Figure 1. XK field well review with the 14-1/2 in. openhole area in amber.

Figure 2. Comparison of drilling fluid densities in XK field.

The main characteristic of this field was the transmission of pressure into the sands, as determined by modular dynamic testers (MDTs) in surrounding fields and in Well XK-1, where optical analysers were used to measure pressures and identify fluids. The recorded pressure gradient in Well XK-1 was 0.46 psi, which is comparable to a density of 1.07 g/cm3 (water). Pressure values as high as 4158.80 psi were reached at 1700 m (5580 ft) total vertical depth (TVD). Using a one-dimensional geomechanical model of the field, also known as a mechanical earth model (1D MEM), an investigation of the drilling events in the offset wells identified the key stages of severe lost circulation, water influx and stuck drill pipe due to differential pressure (Figure 1).
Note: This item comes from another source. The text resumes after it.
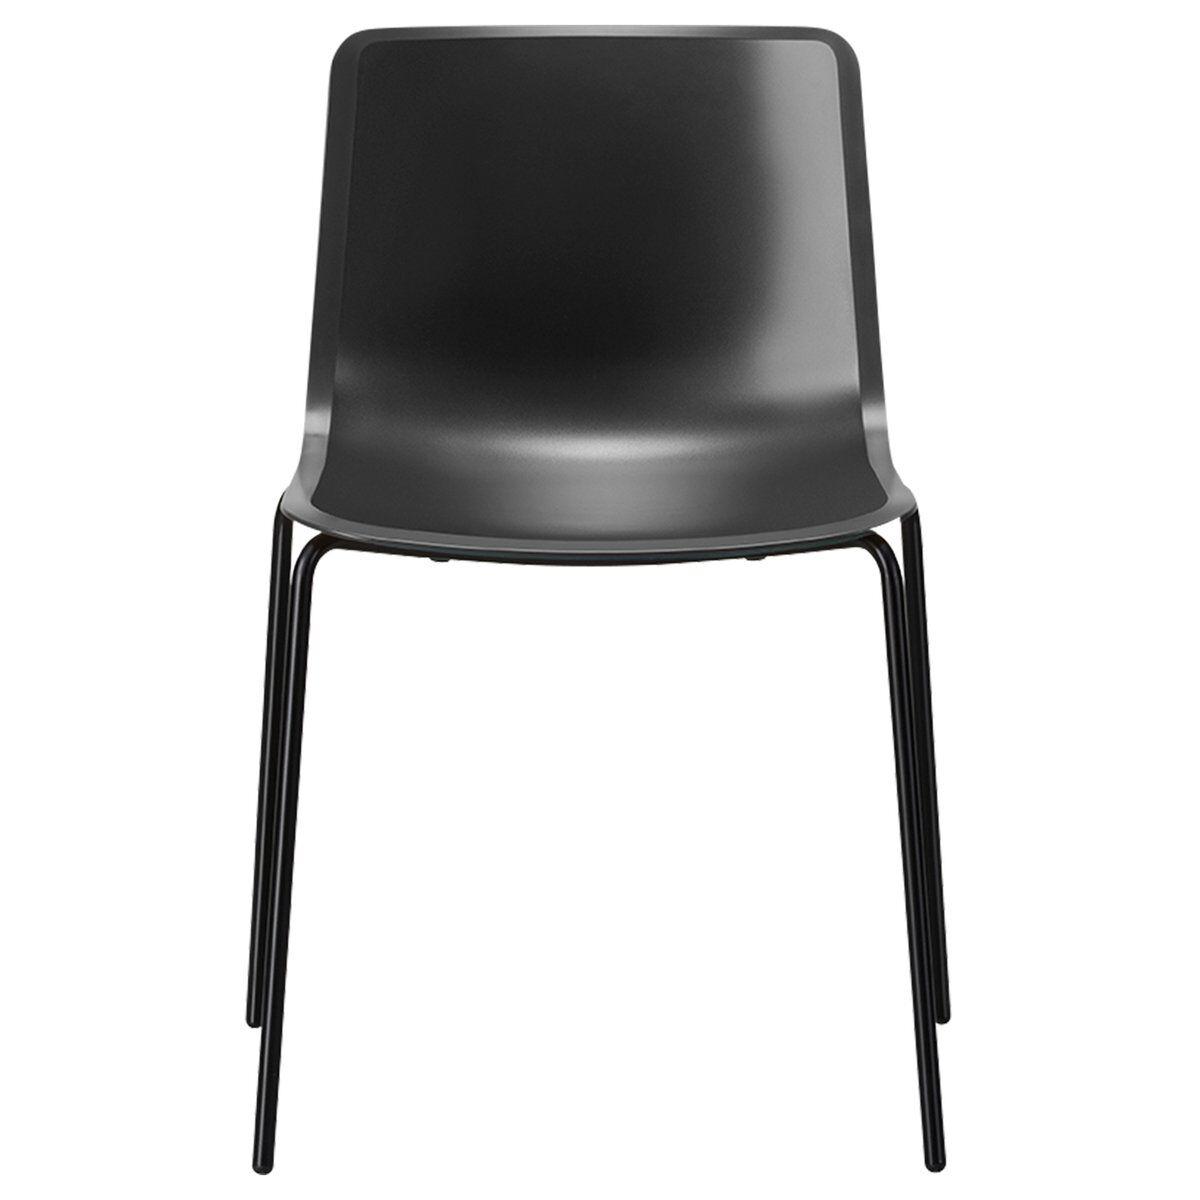 Fredericia Pato tuoli, 4 jalkaa, musta

It was necessary to perform a sidetrack and run a contingency casing in the offset wells, resulting in 10 to 15 days of NPT per well for well control, in addition to increased equipment costs and contingency materials. The range of fluid densities in adjacent wells was also investigated. This work established the optimal drilling fluid density of 1.74 g/cm3 (14.52 lb/gal.), which would control water influx by pressure and reduce fluid loss into the formation (Figure 2).

Wellbore instability

Figure 3. Log comparison between three wells drilled in the same area.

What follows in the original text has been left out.